■ WHAT THE TASK ASKS ■
Write out the opening lines of the data word for word, up to and including the line with "Лес обезьян в", and leave every picture and every later line out.

■ SUPPLIED DATA ■
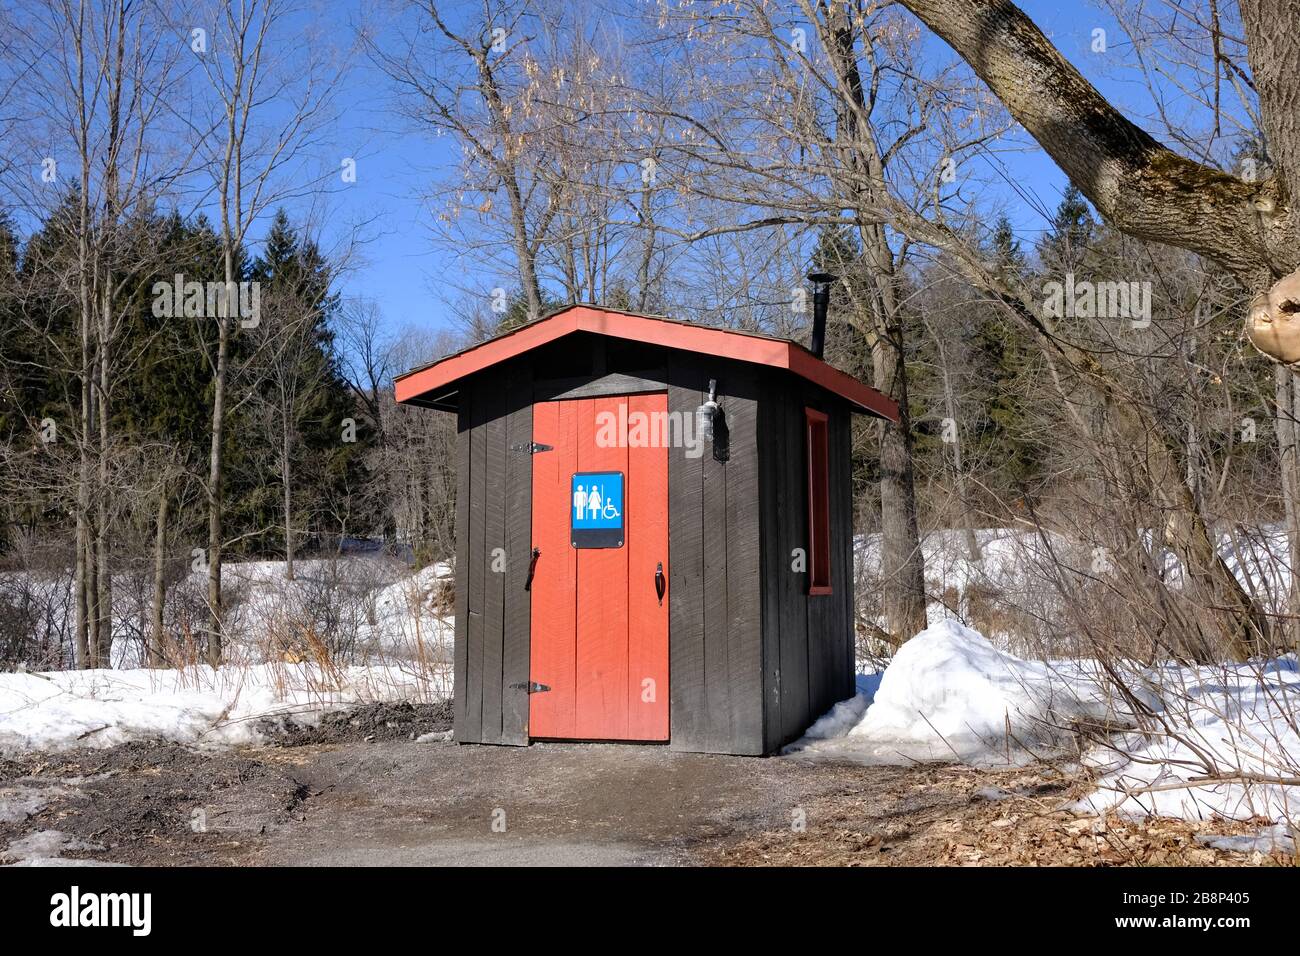 Sehr praktische rote und braune öffentliche unisex-toilette (Outhouse) inmitten eines verschneiten Gatineau Parks, Quebec, Kanada. Stockfoto
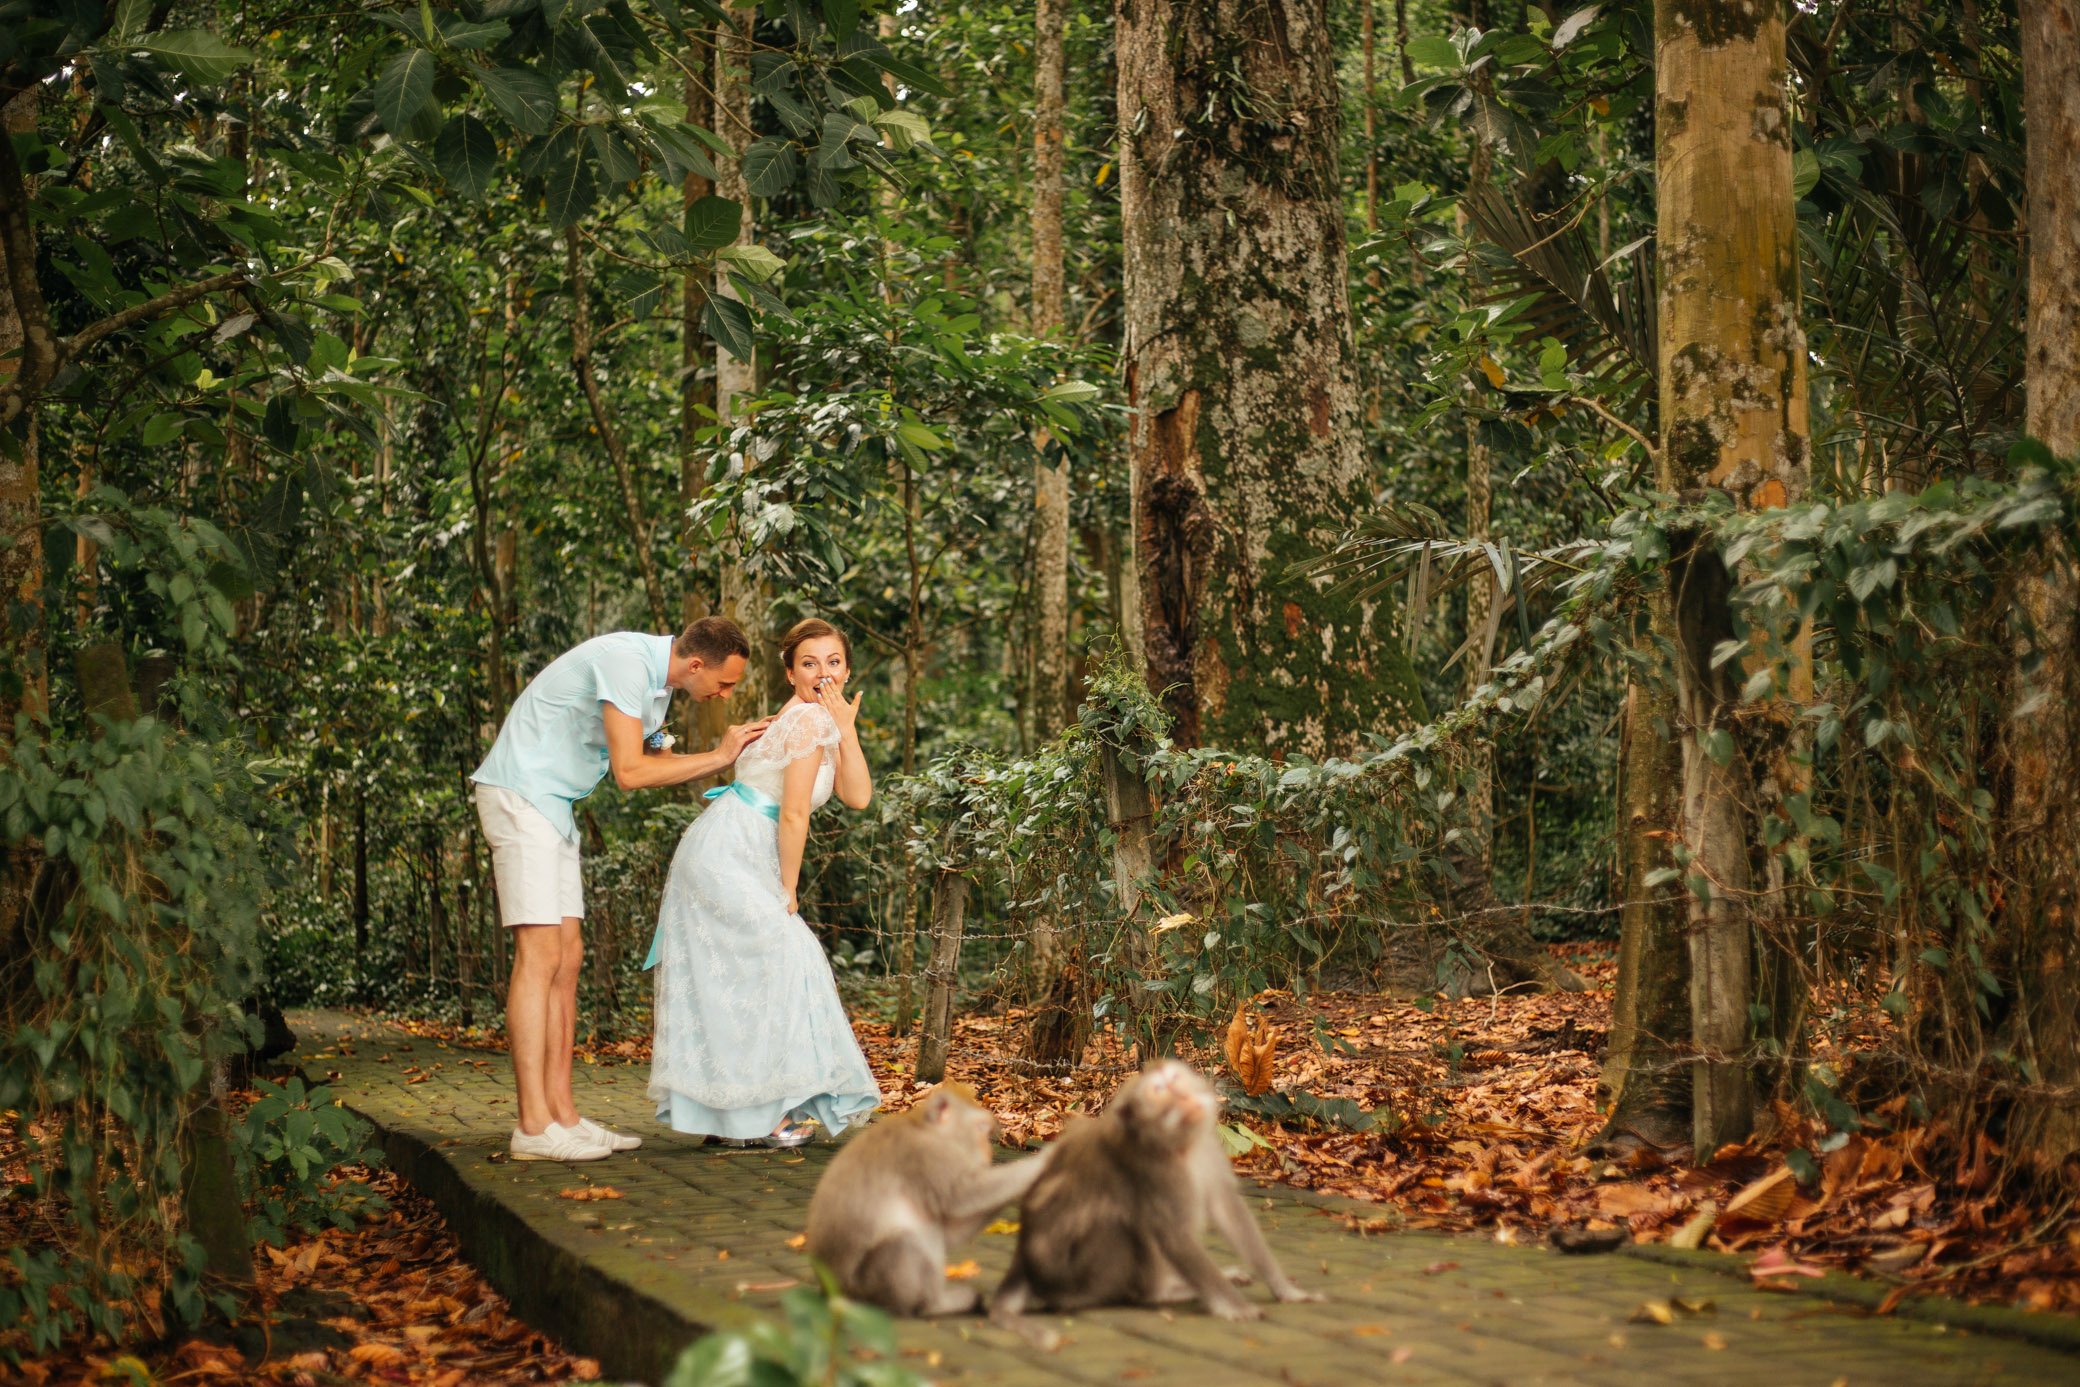 Лес обезьян в Убуде, достопримечательность Бали. Джунгли, обезьяны ищут вшей у друг друга. Невеста в свадебном платье 
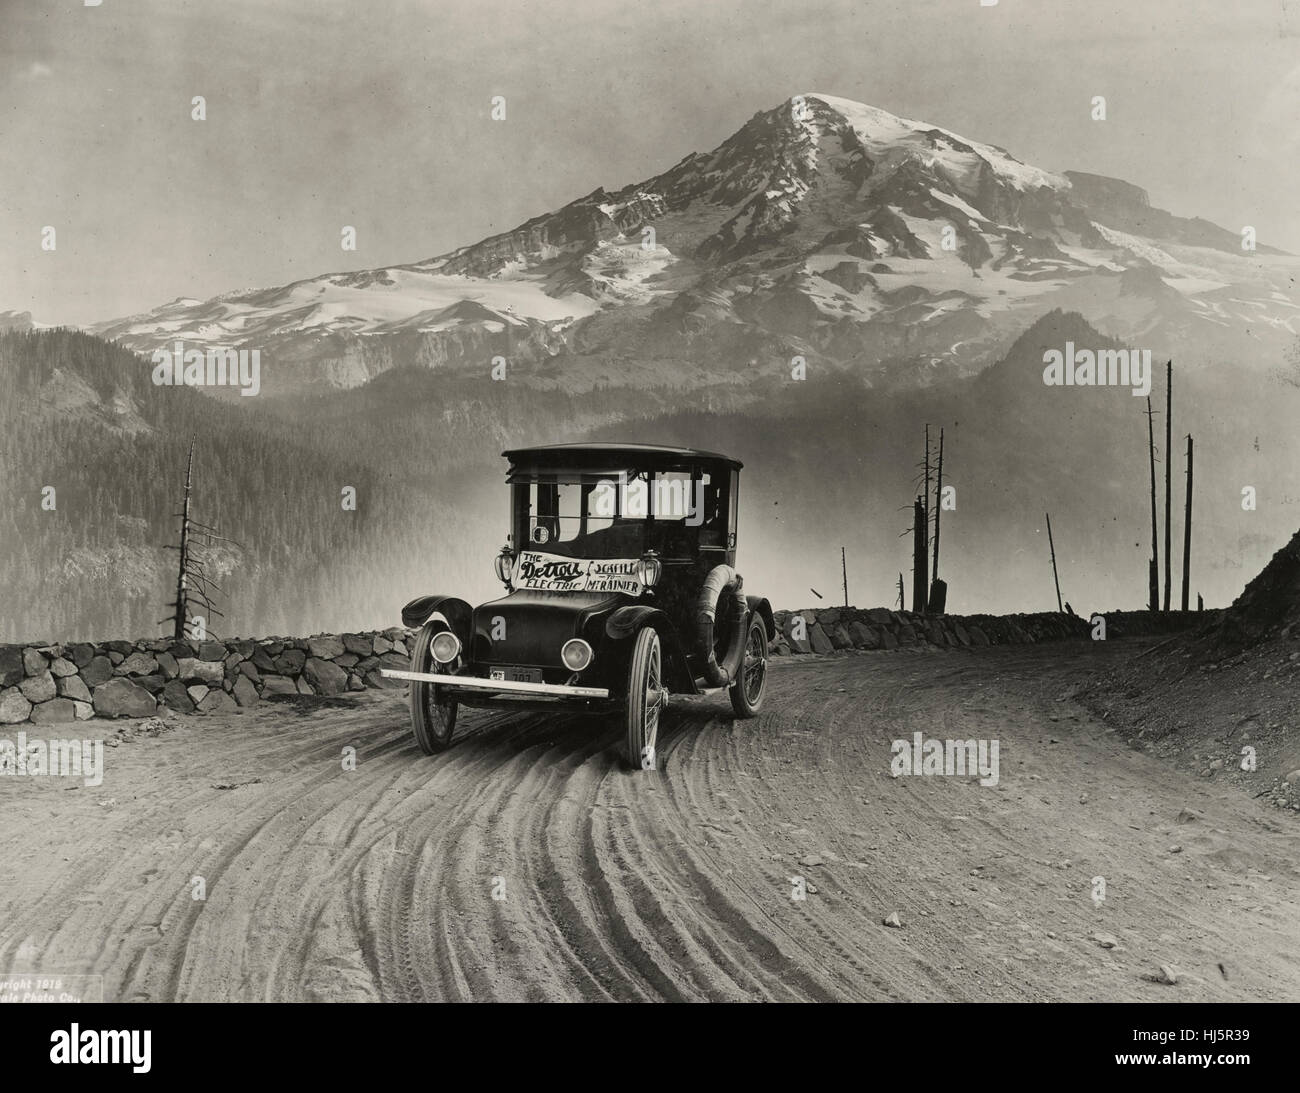 Detroit Electric auto sur tournée promotionnelle à travers les montagnes de Seattle à Mt. Rainier. La photographie montre la voiture électrique produite pour Anderson Voiture électrique Co. avec Mt. Rainier dans la distance. 1919 Banque D'Images

■ ANSWER AREA ■
 Sehr praktische rote und braune öffentliche unisex-toilette (Outhouse) inmitten eines verschneiten Gatineau Parks, Quebec, Kanada. Stockfoto
 Лес обезьян в Убуде, достопримечательность Бали. Джунгли, обезьяны ищут вшей у друг друга. Невеста в свадебном платье 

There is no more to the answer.